*SUPPLIED INFORMATION*
● ● ● ● ●

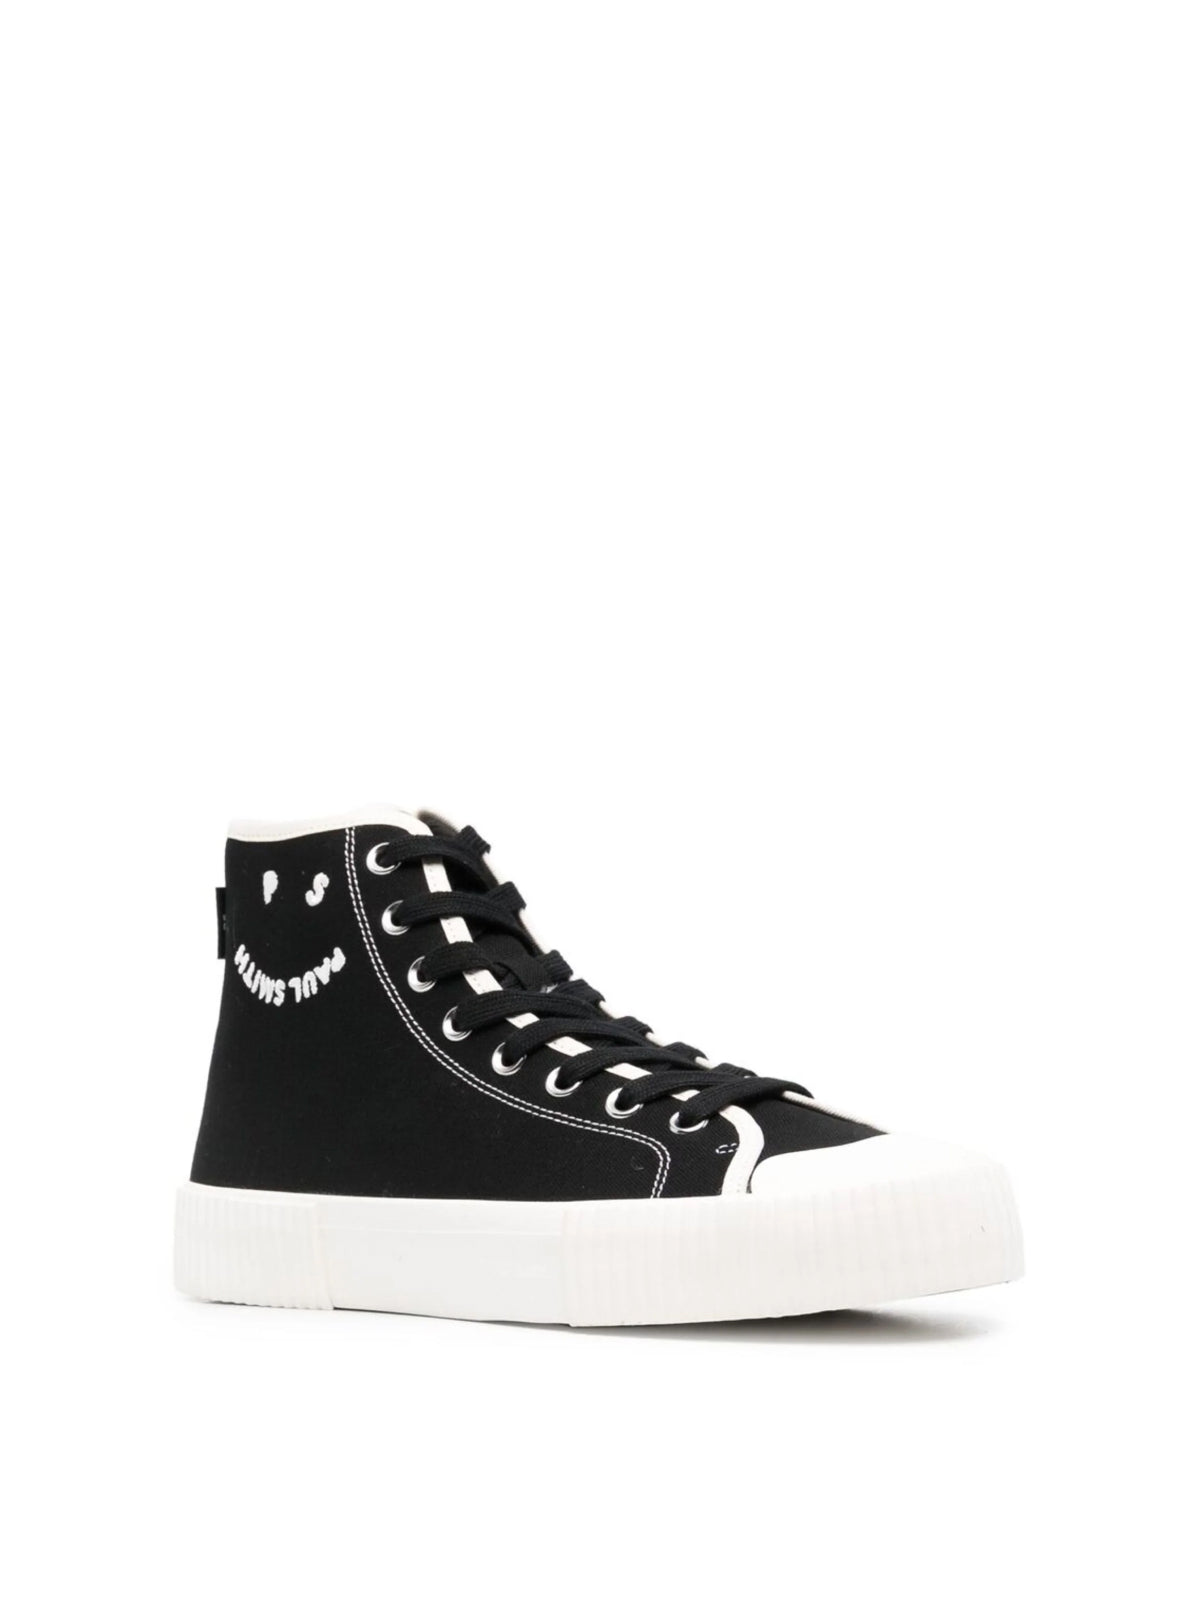 Paul Smith-OUTLET-SALE-Kibby Logo High-Top Sneakers-ARCHIVIST
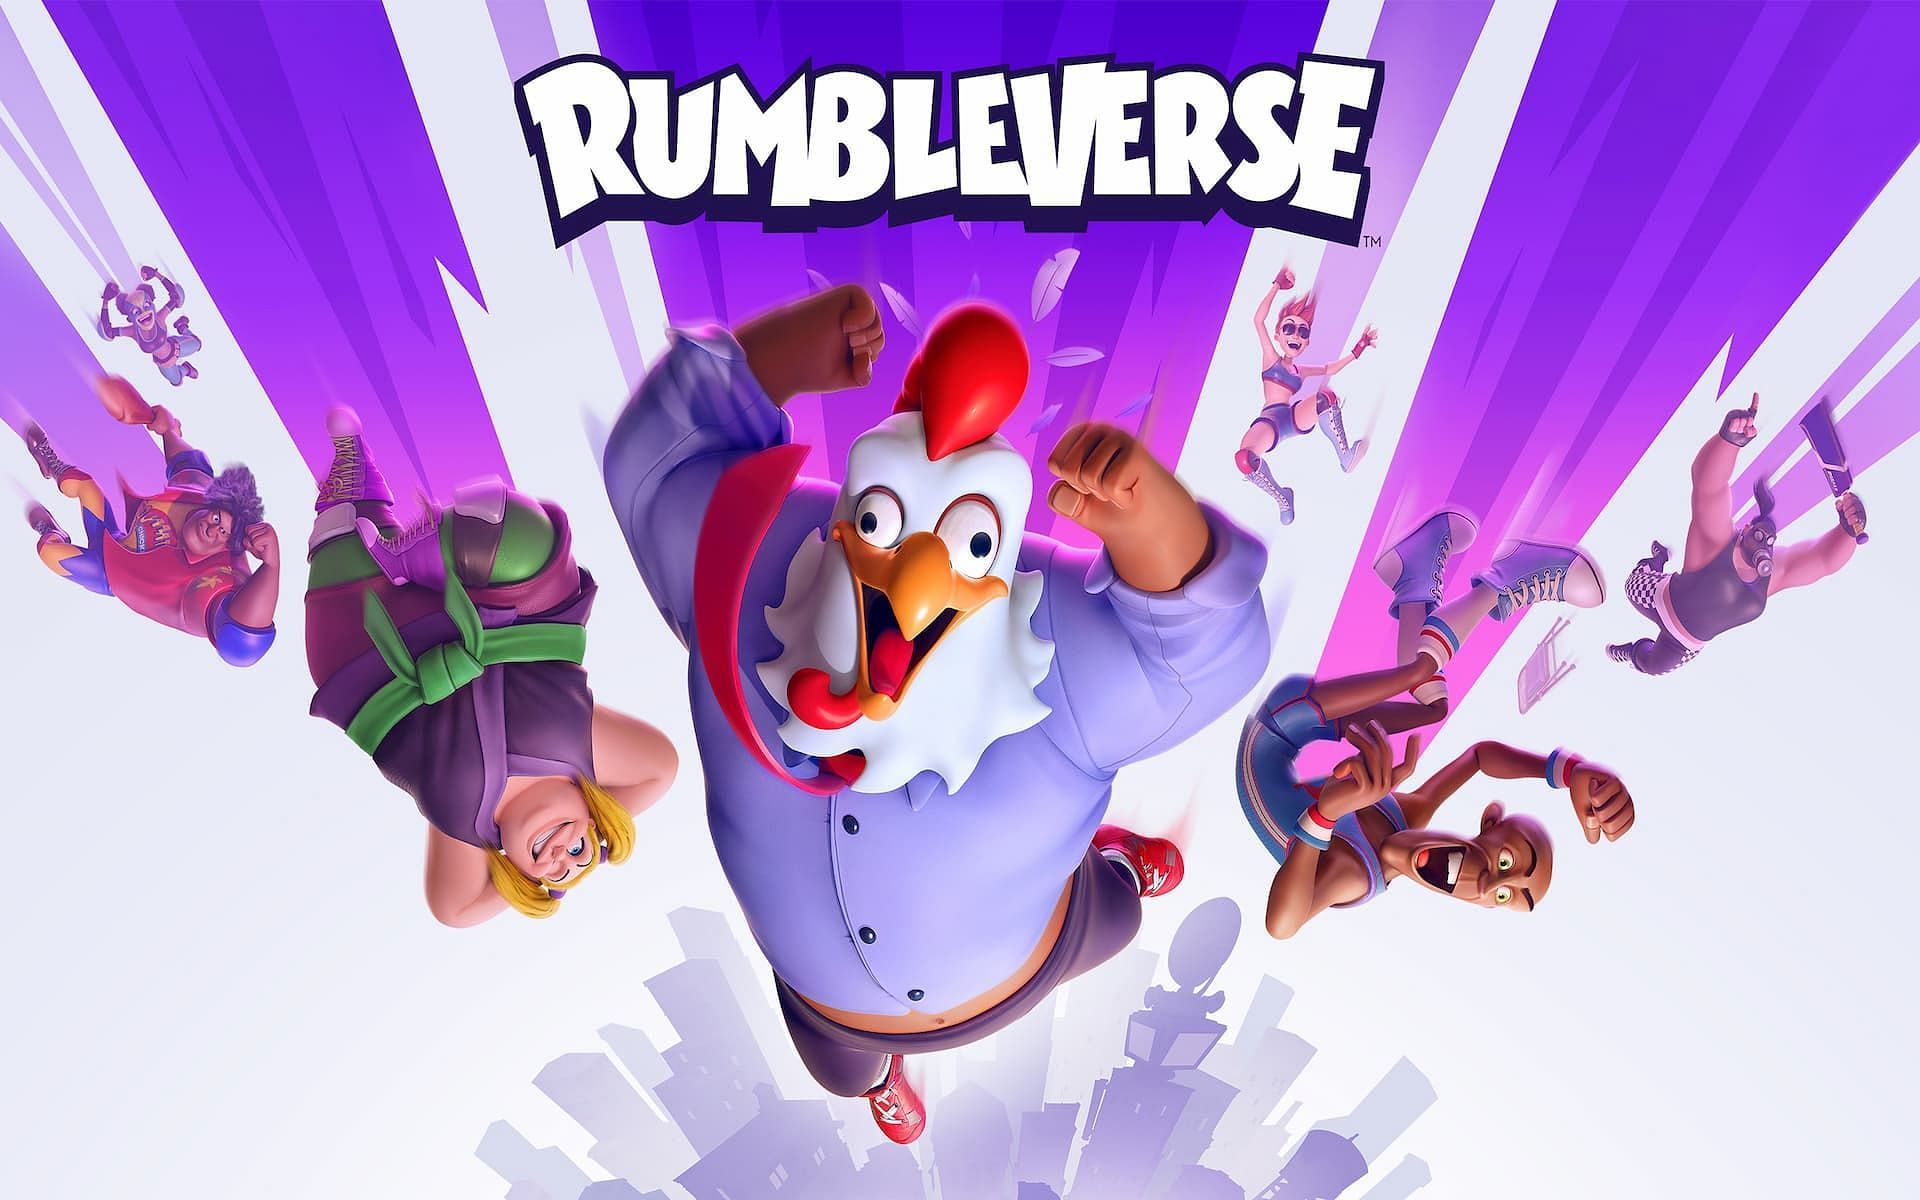 A promotional image for Rumbleverse (Image via Iron Galaxy)
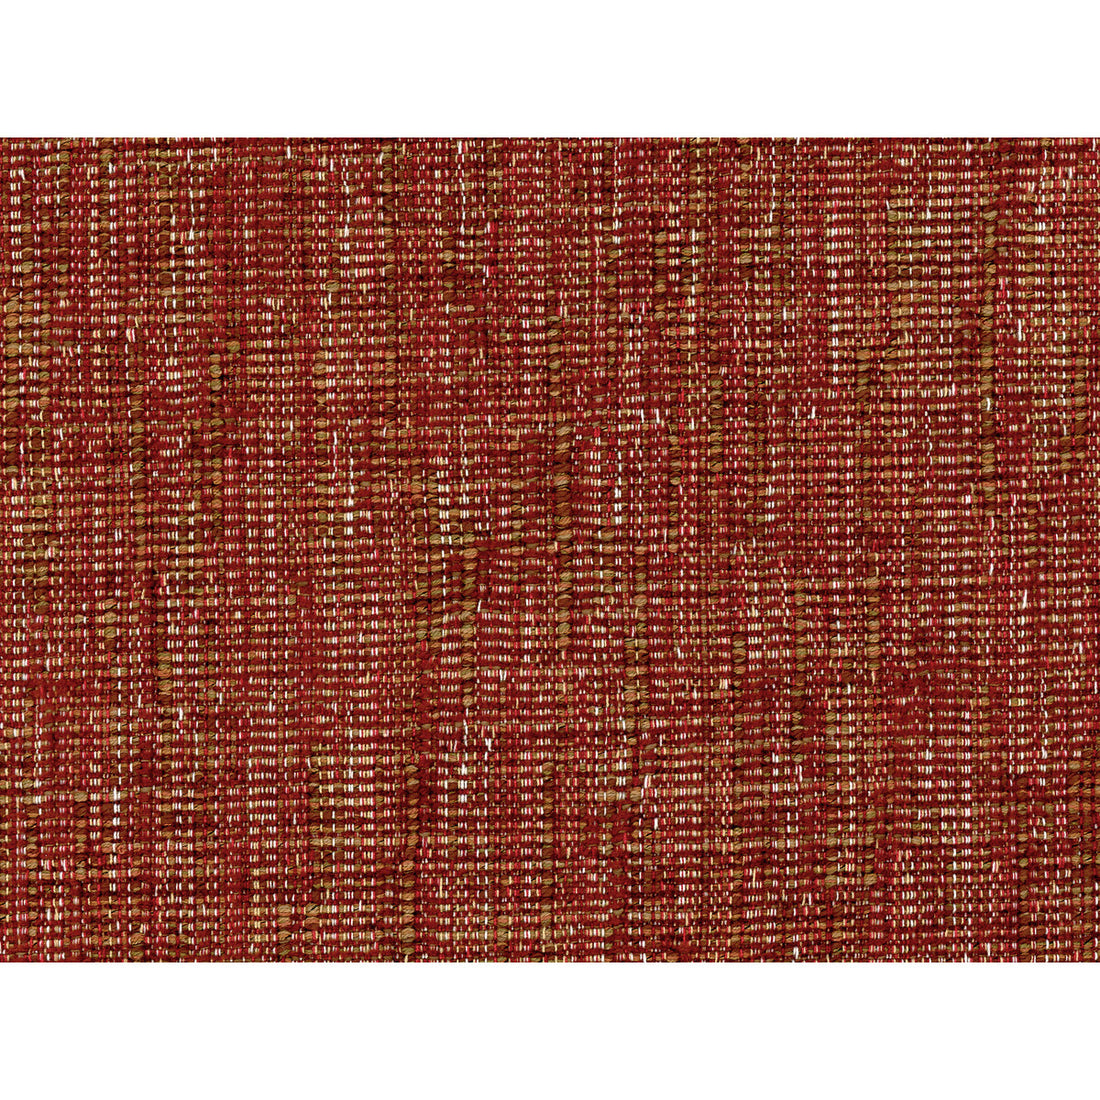 Morecambe Bay fabric in cinnabar color - pattern 2016124.196.0 - by Lee Jofa in the Furness Weaves collection
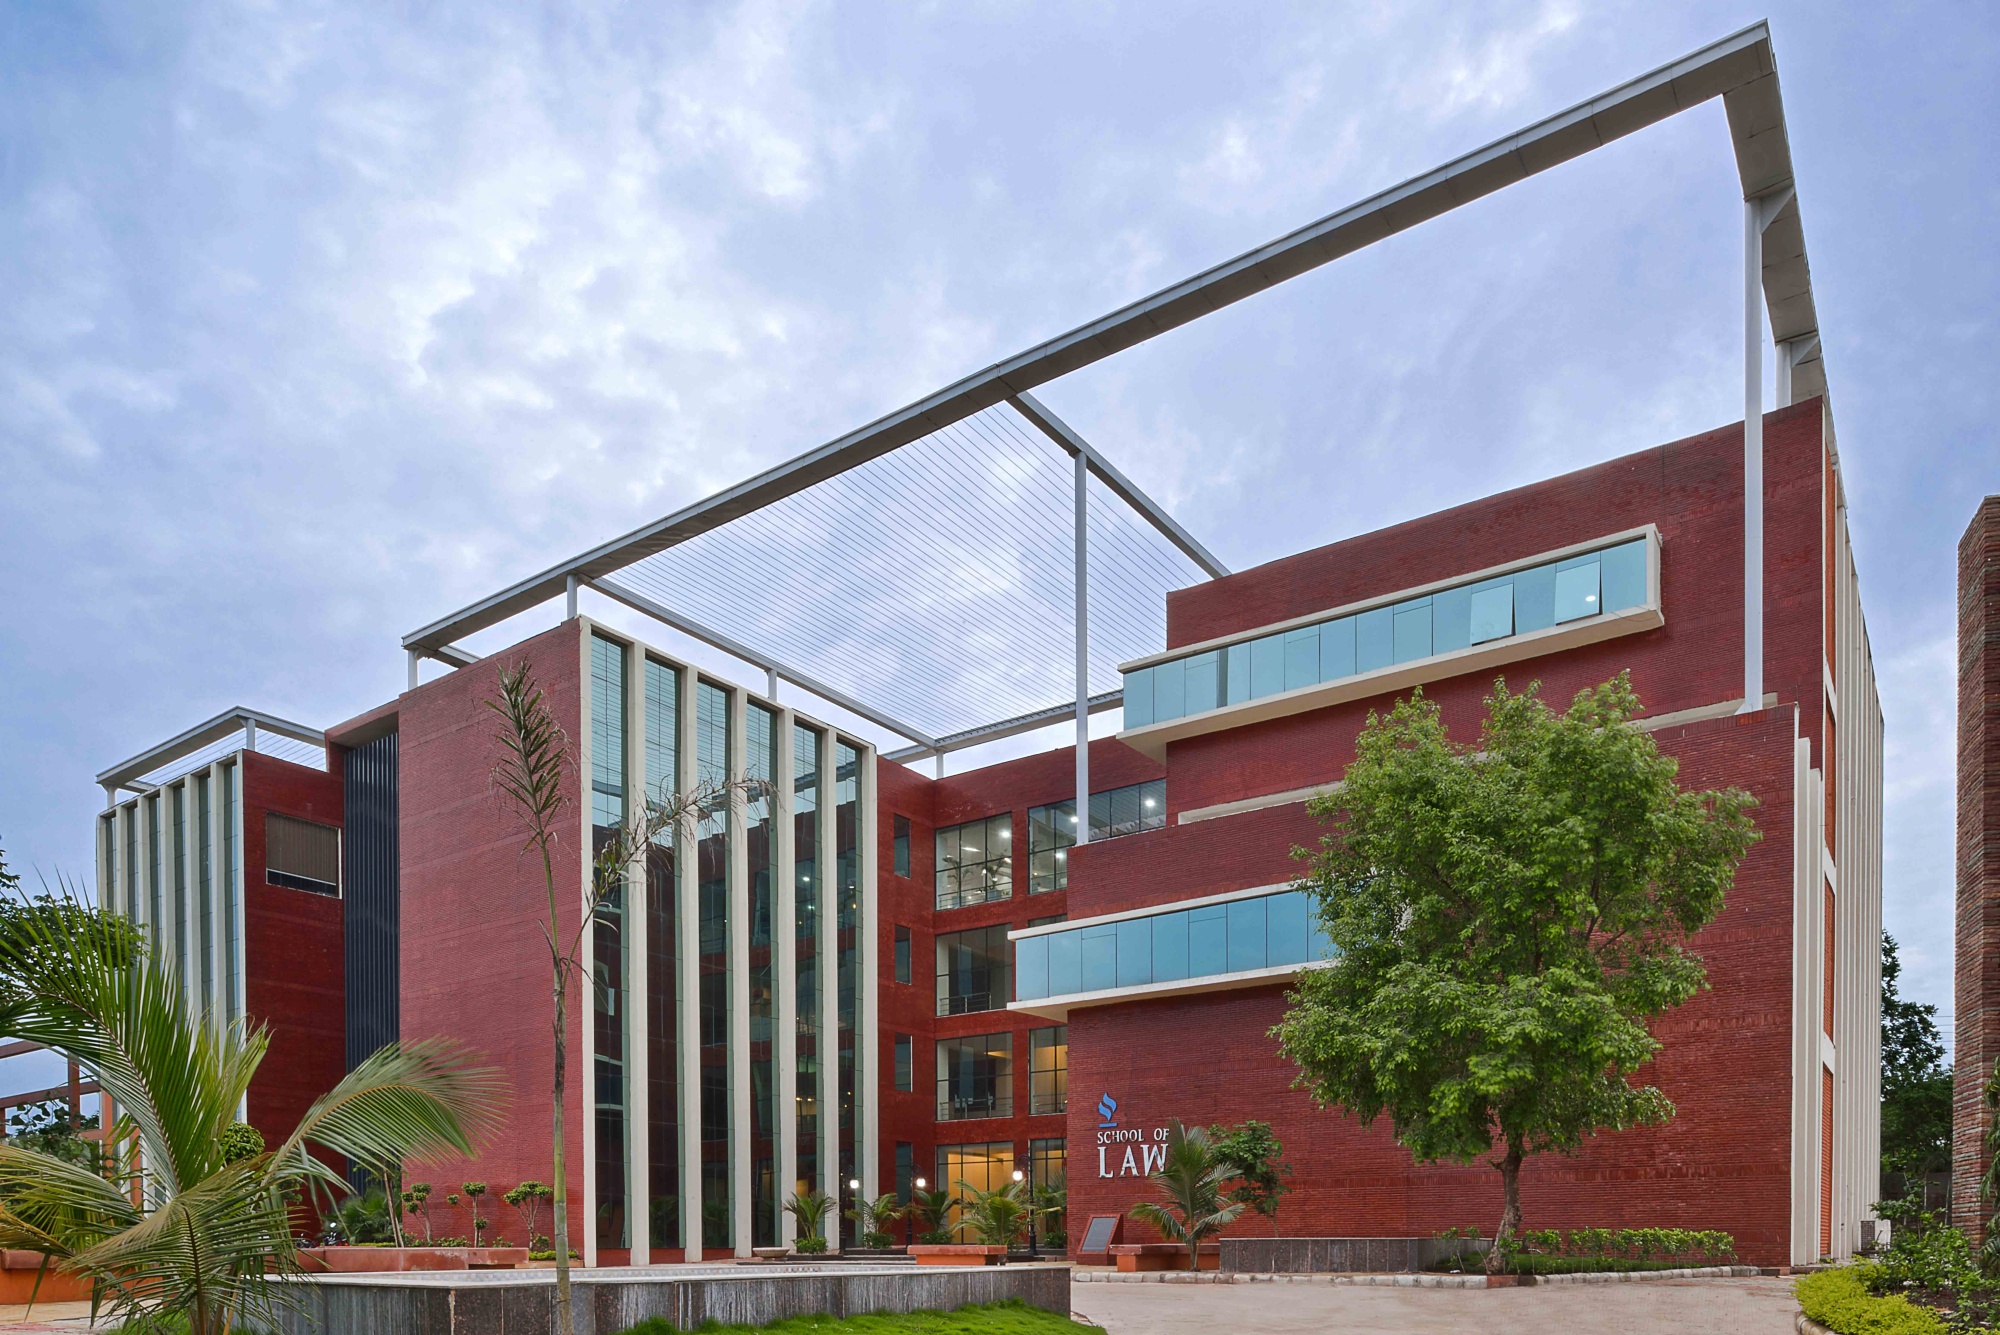 School of Law, Jagran Lakecity University, Bhopal, by 42 MM Architecture

● ● ● ● ●

*EXERCISE*
Set down exactly, line for line, the data from the line that contains "Morecambe Bay fabric" through its last line, keeping pictures out.

*YOUR RESPONSE*
 Morecambe Bay fabric in cinnabar color - pattern 2016124.196.0 - by Lee Jofa in the Furness Weaves collection
 School of Law, Jagran Lakecity University, Bhopal, by 42 MM Architecture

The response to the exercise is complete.